We had friends over last night for a Southern Belle Gourmet hodgepodge!  I was thinking about what to have yesterday morning not wanting to go to a lot of bother to cook any elaborate dinner.  

So I opened my SouthernBelleGourmet cupboard and saw right away three, easy to make dishes to have!  I will post them one at a time, but let me say they were are easy, delicious and a hit with our friends!  

I also had meatballs/pasta sauce in the crock pot and used some of the pita pockets for little meatball pocket sandwiches.  Also had strawberries, cherries and grapes with cool whip for dipping.  What a yummy yet relaxing, non-stressful get together!


Here are the ingredients required: 1 cup Sour Cream, Spinach Dip Mix. That's IT!


 This one is so easy it really hardly needs photo directions but here goes. 




Mix package with 1 cup sour cream. Refrigerate 1 hour before serving.  I actually had it in for 4 hours, so I would just say at least an hour. In my opinion the longer something is in the refrigerator the more the flavors blend, so this could even be made the night before an event.
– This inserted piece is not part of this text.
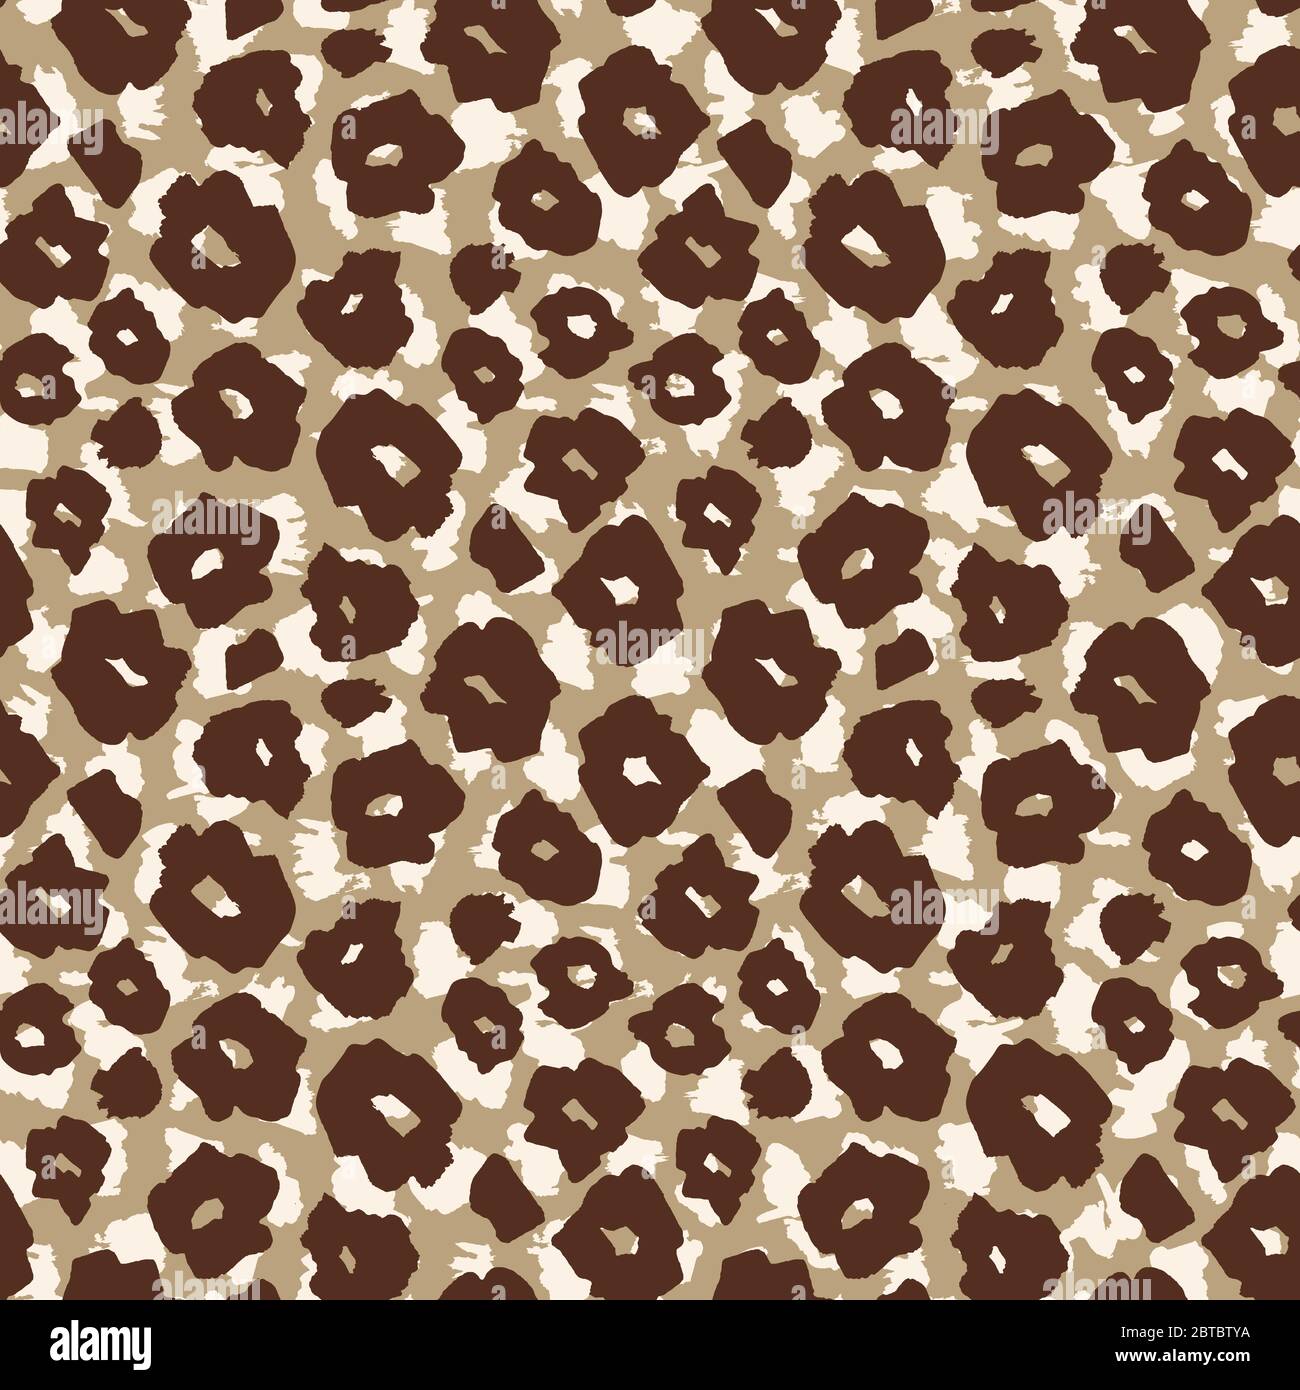 Safari pattern leopard print background, cheetah or jaguar animal skin, vector seamless design. African safari leopard or panther print pattern of brown spots on beige background, wild animals decor Stock Vector

Here it is! Served it up with little triangle cut pita pockets and some thin everything bagels that I also cut up into dip-able pieces.  This was actually when it was half gone, as there was bread all around it when I first put it out! :)

Get some for your next get together! It is so easy but tastes like you made it from scratch and pulled the spinach yourself!